▶ **Task requirements**
The material below includes pictures; leave them out and return only the lines between the line containing "Tiny Snooze Cot" and the line containing "Reigning Champ and", inclusive, word for word.

▶ **Provided information**
^^^^

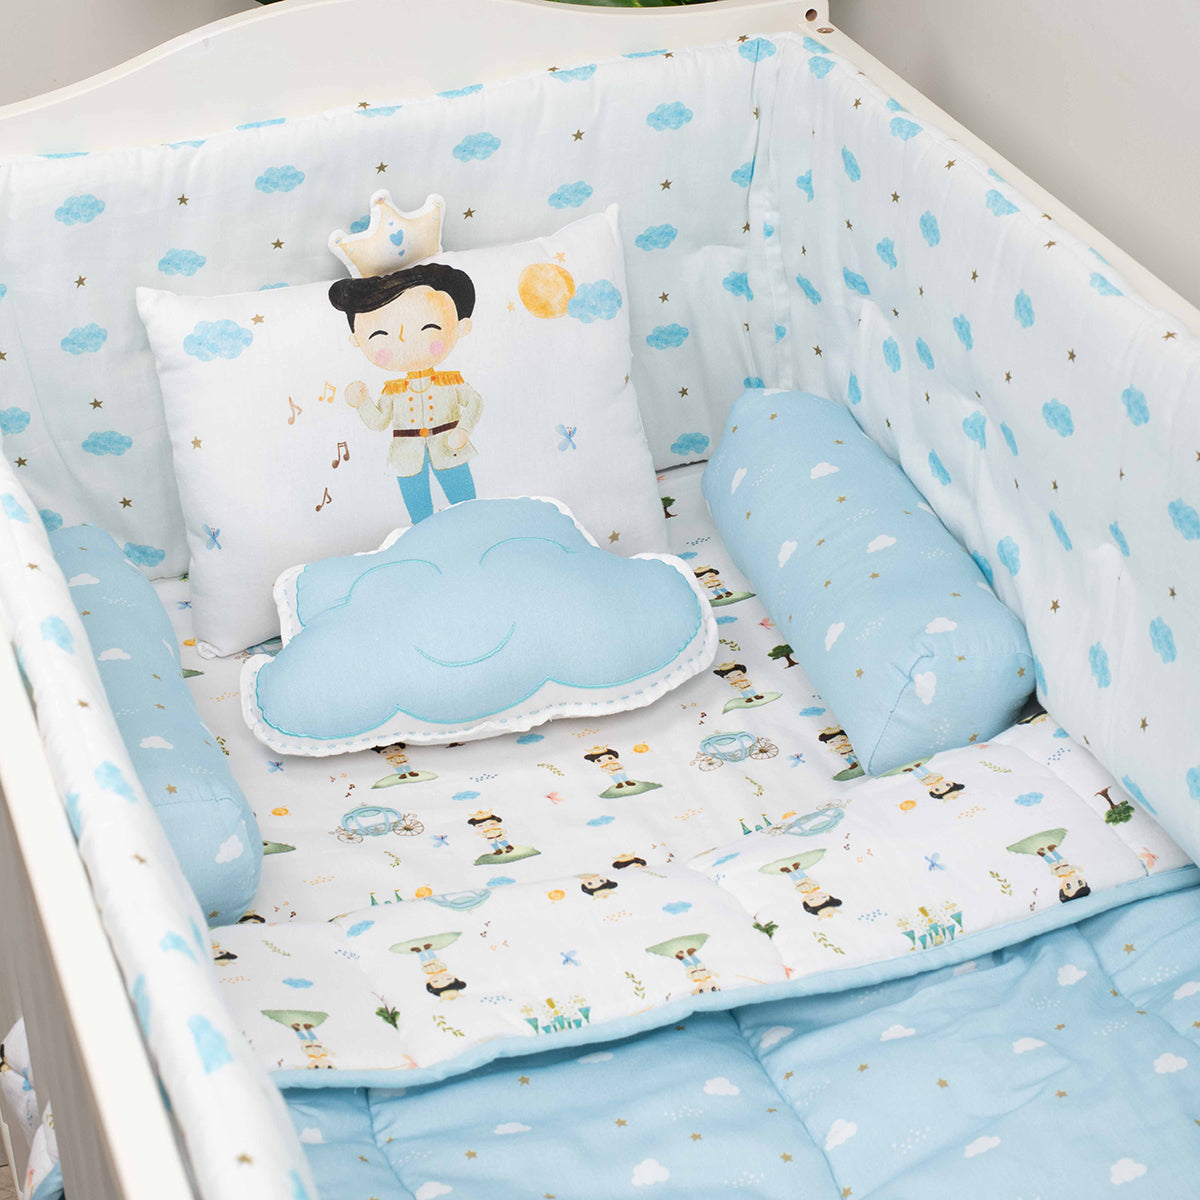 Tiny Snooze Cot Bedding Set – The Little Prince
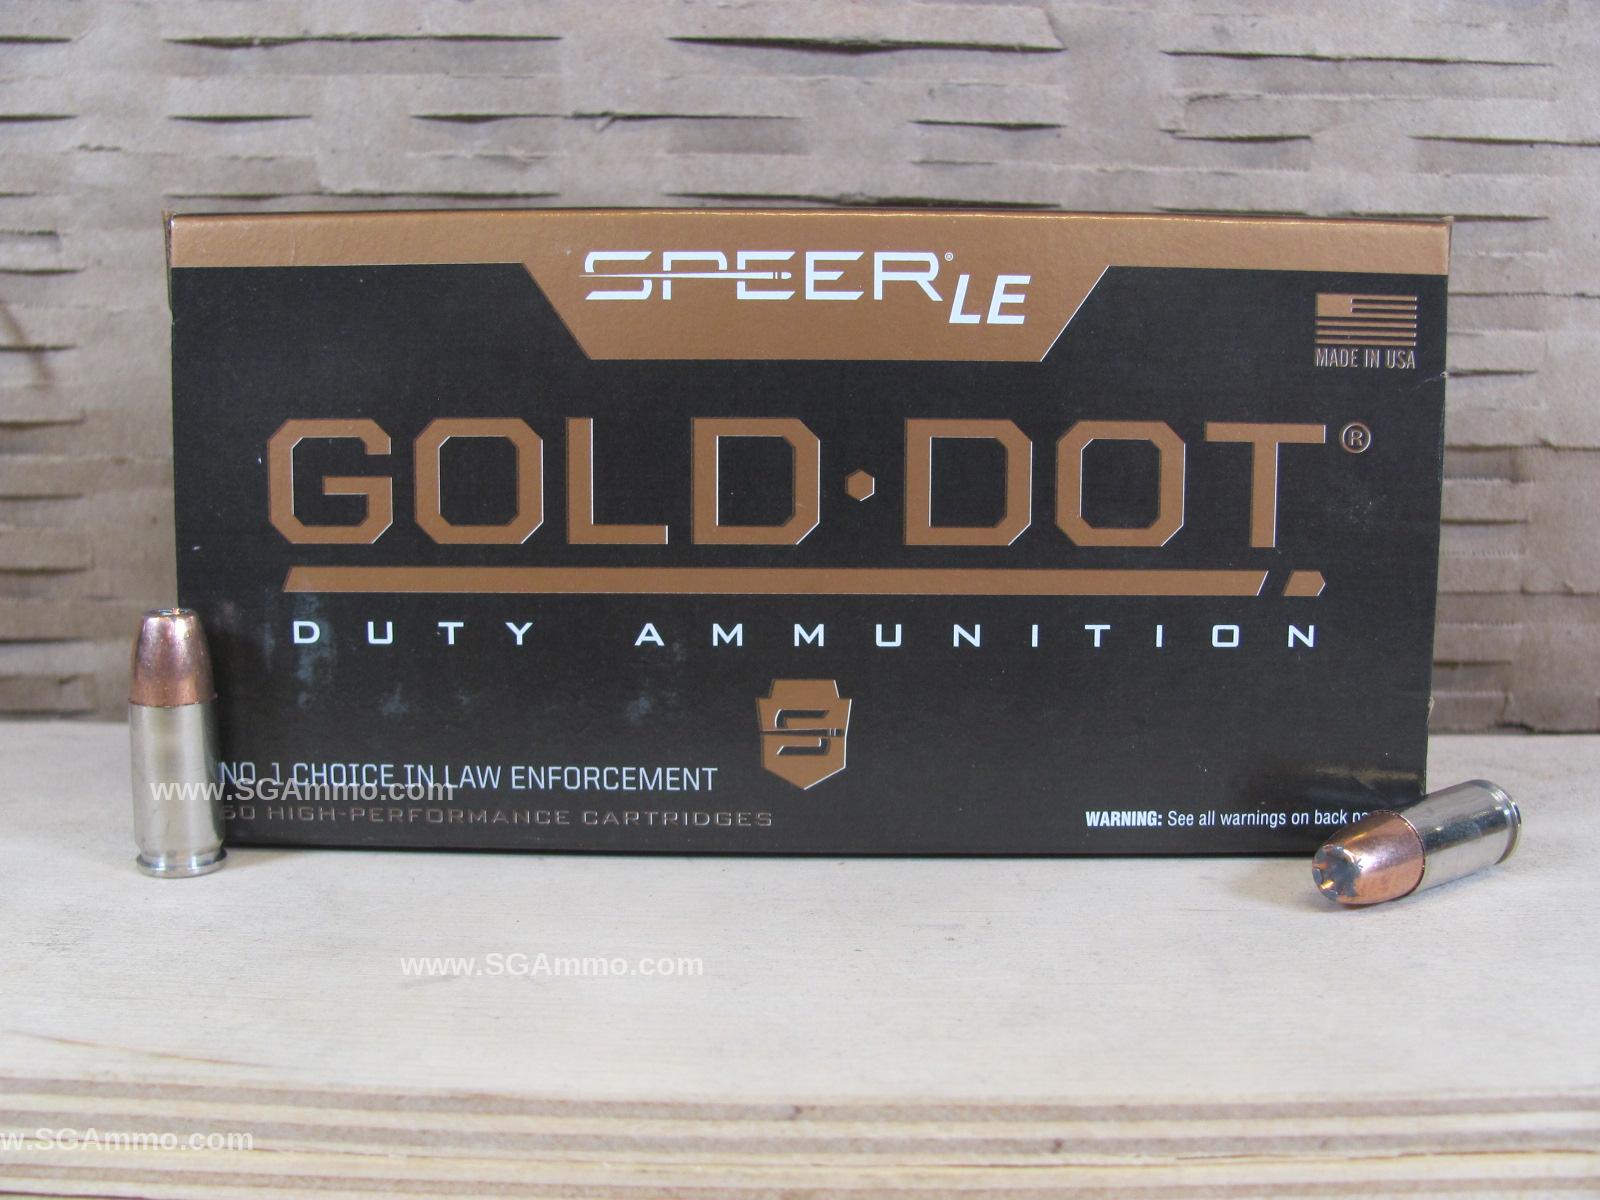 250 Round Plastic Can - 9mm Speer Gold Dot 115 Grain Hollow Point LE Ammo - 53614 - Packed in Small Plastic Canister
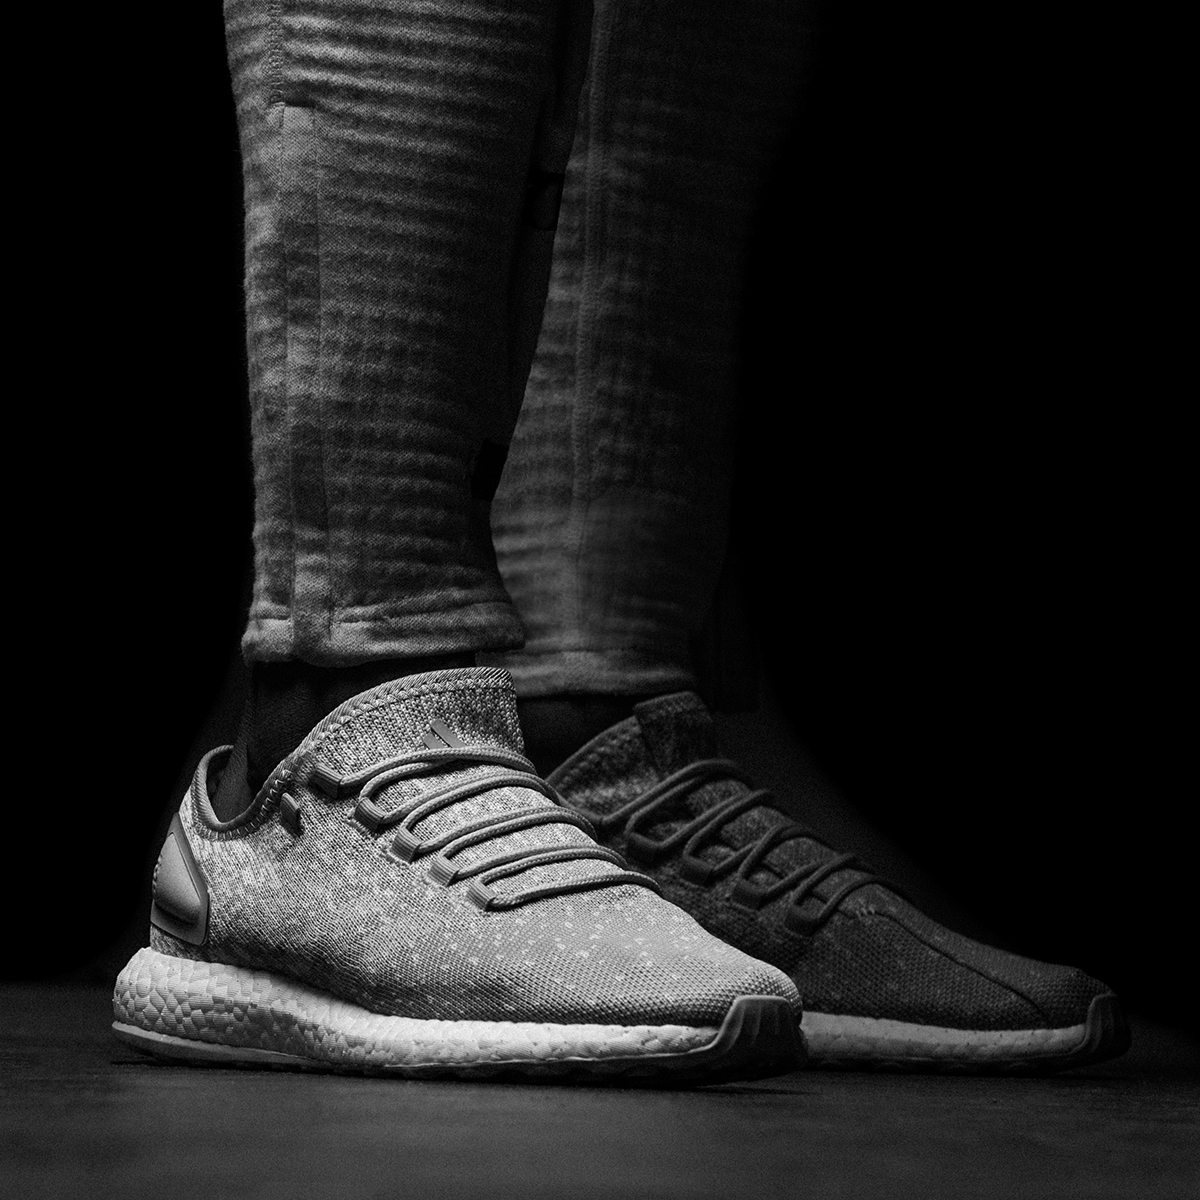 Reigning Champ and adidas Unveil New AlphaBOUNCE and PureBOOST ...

^^^^

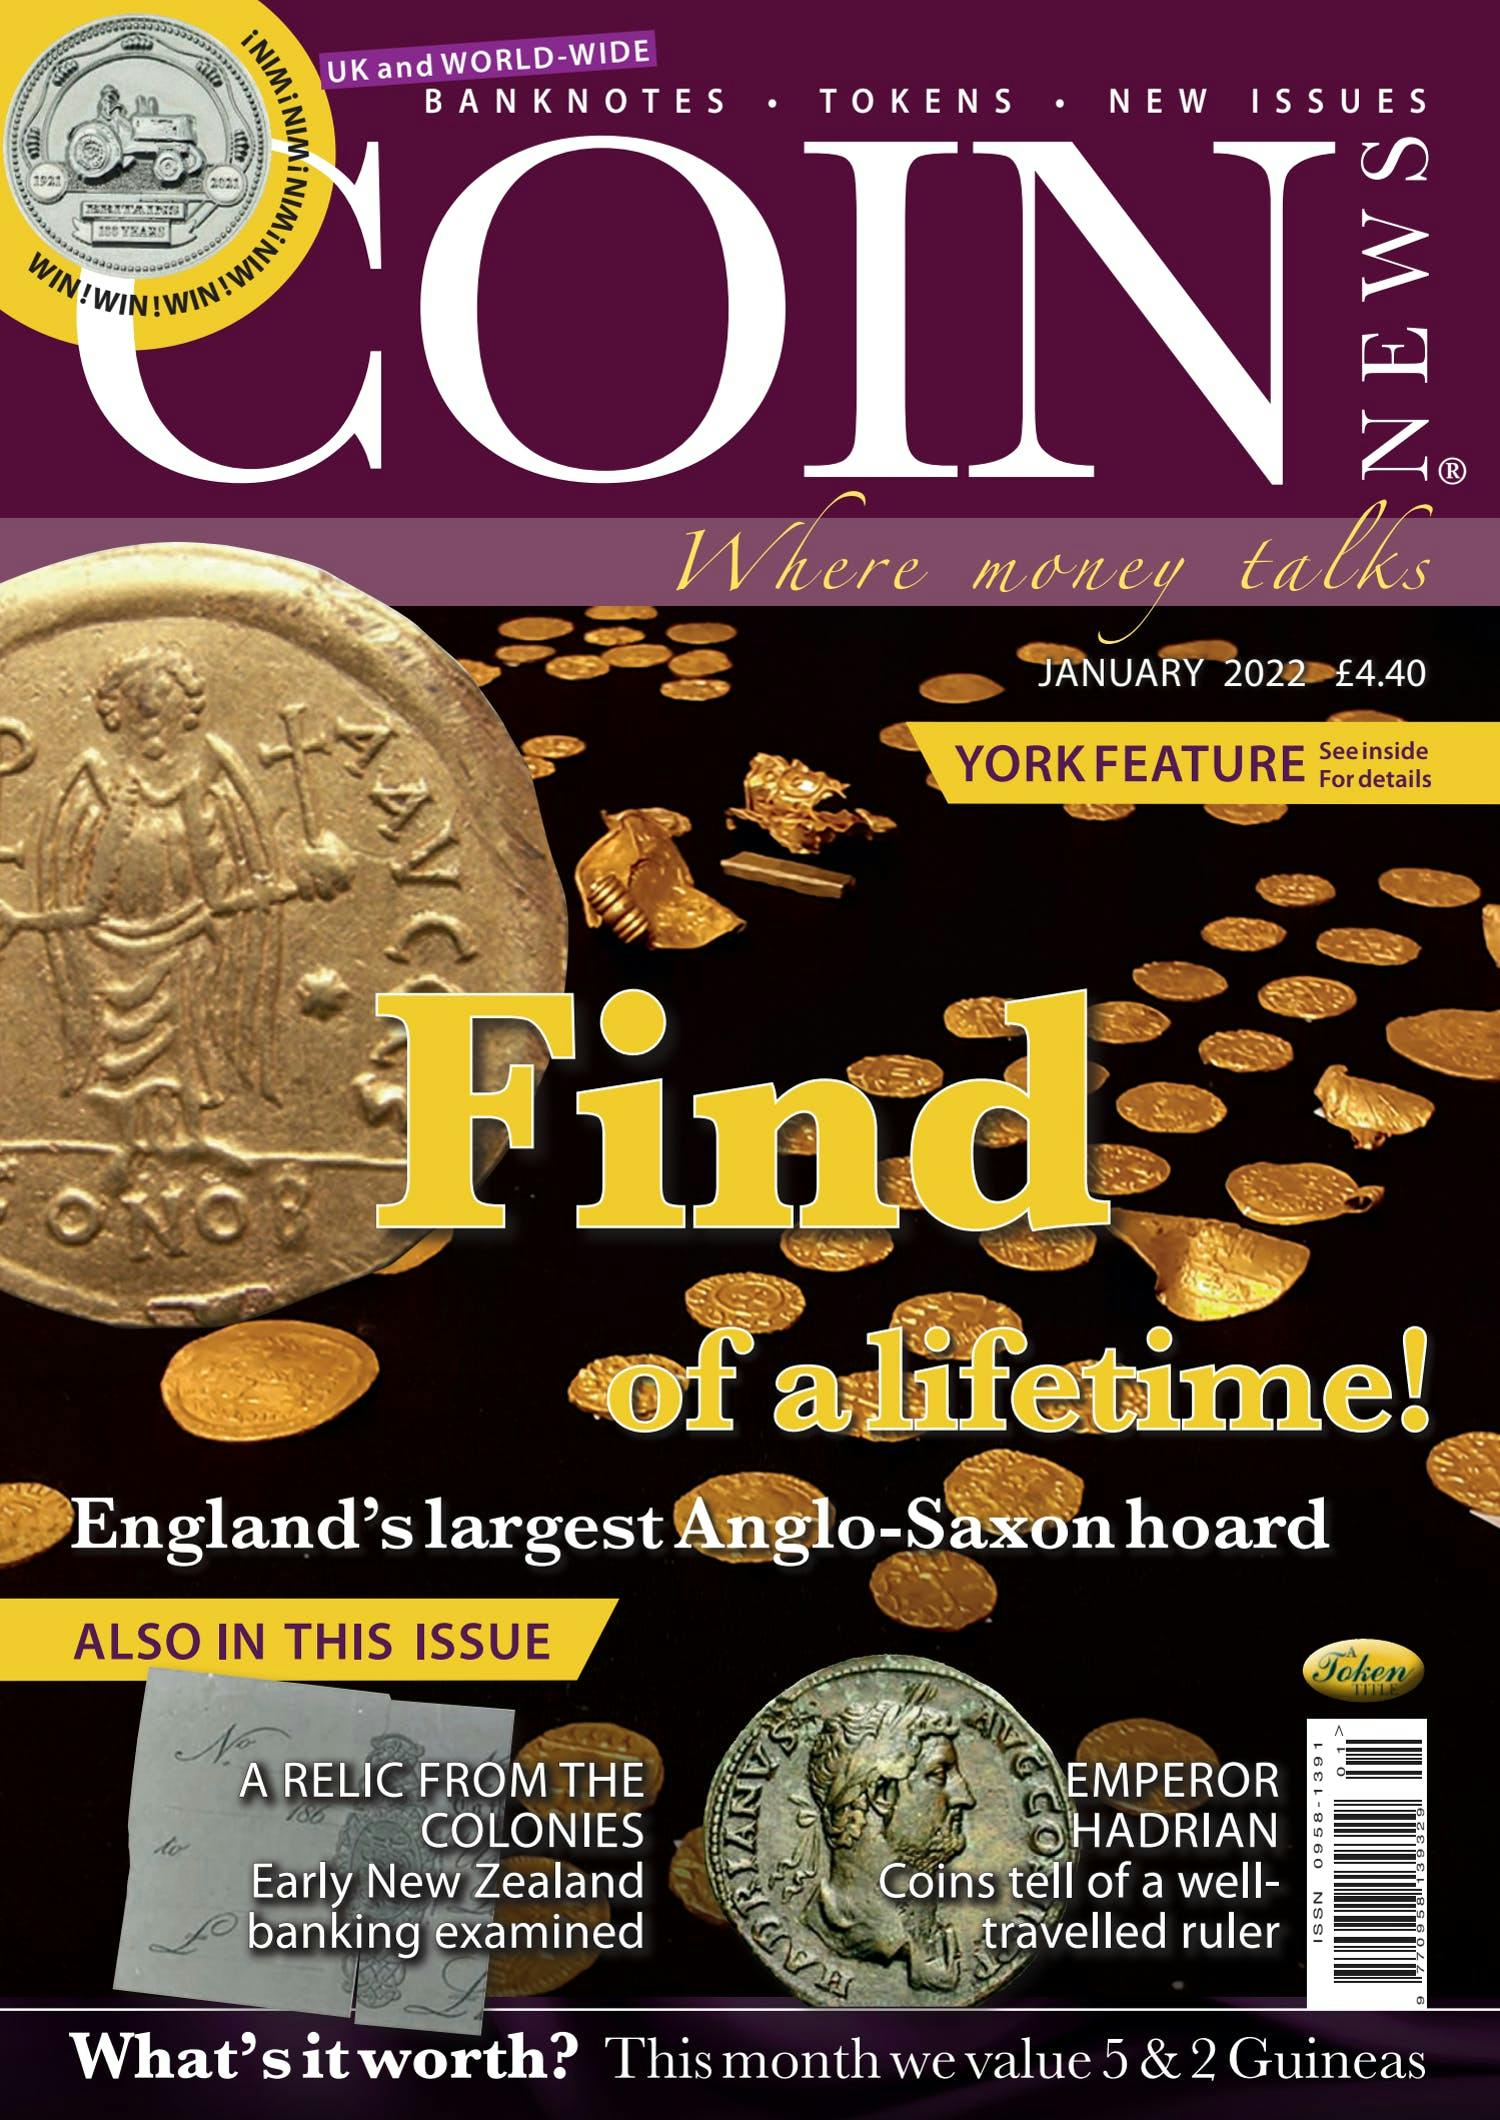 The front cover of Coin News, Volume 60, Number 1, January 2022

^^^^

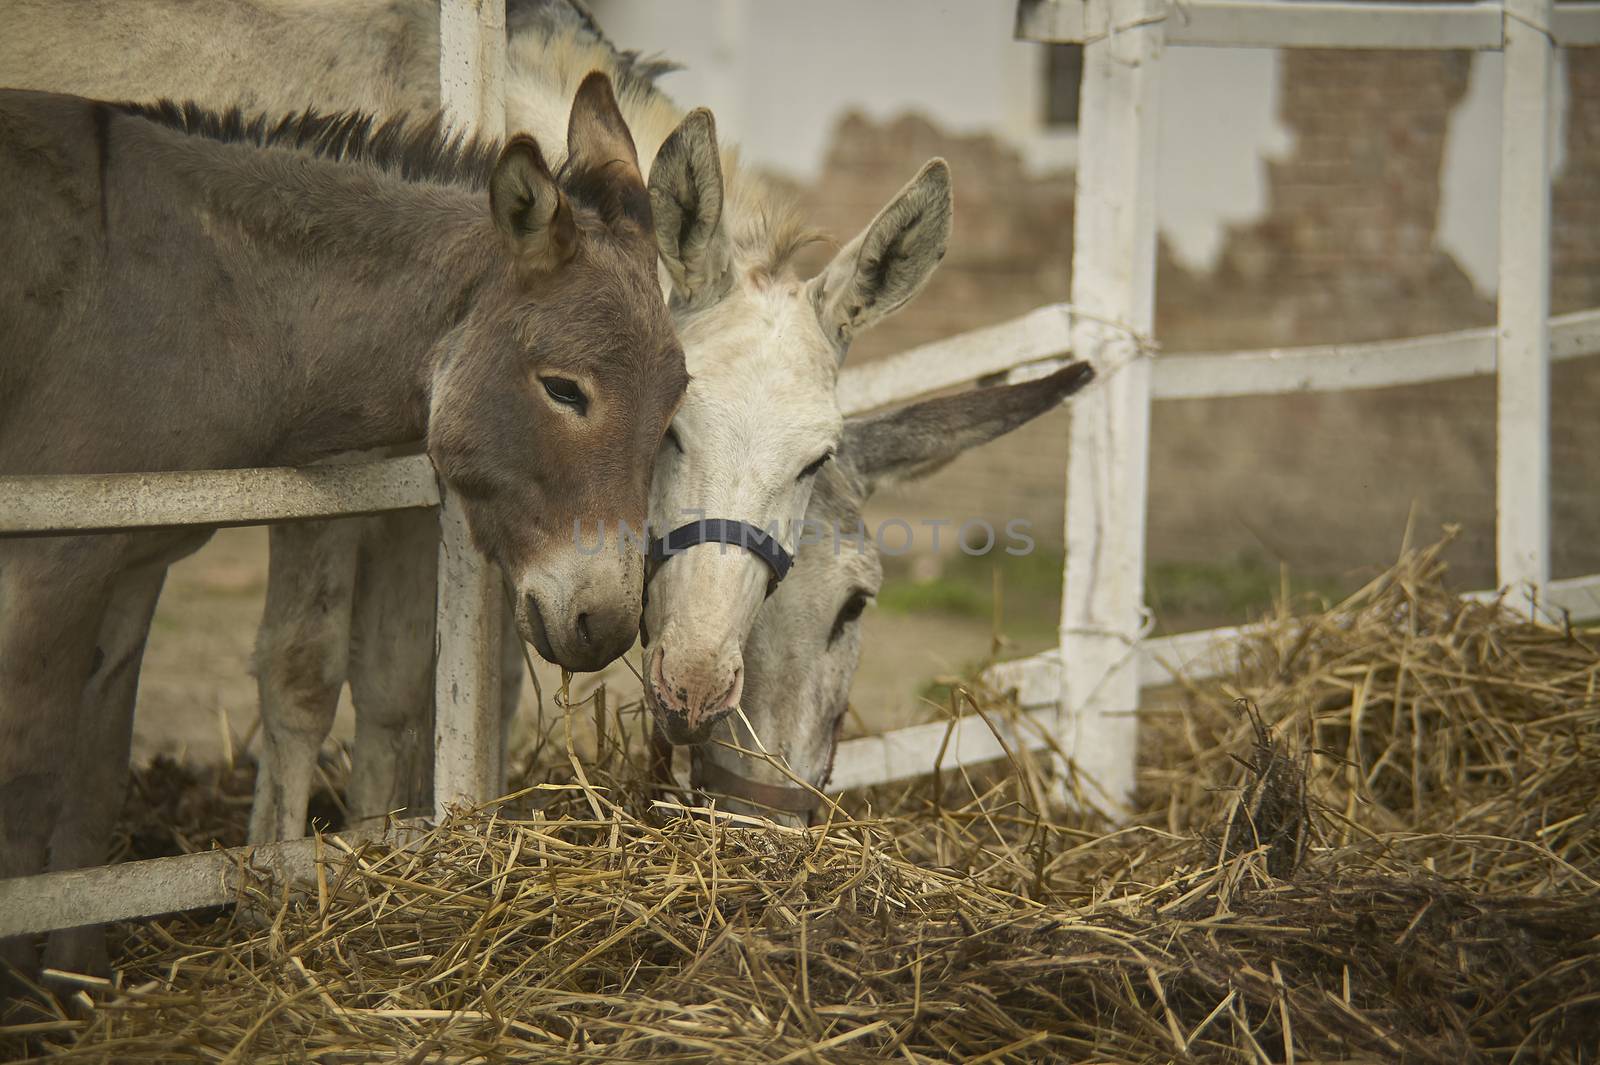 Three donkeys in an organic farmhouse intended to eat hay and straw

^^^^

▶ **Exercise answer**
 Tiny Snooze Cot Bedding Set – The Little Prince
 250 Round Plastic Can - 9mm Speer Gold Dot 115 Grain Hollow Point LE Ammo - 53614 - Packed in Small Plastic Canister
 Reigning Champ and adidas Unveil New AlphaBOUNCE and PureBOOST ...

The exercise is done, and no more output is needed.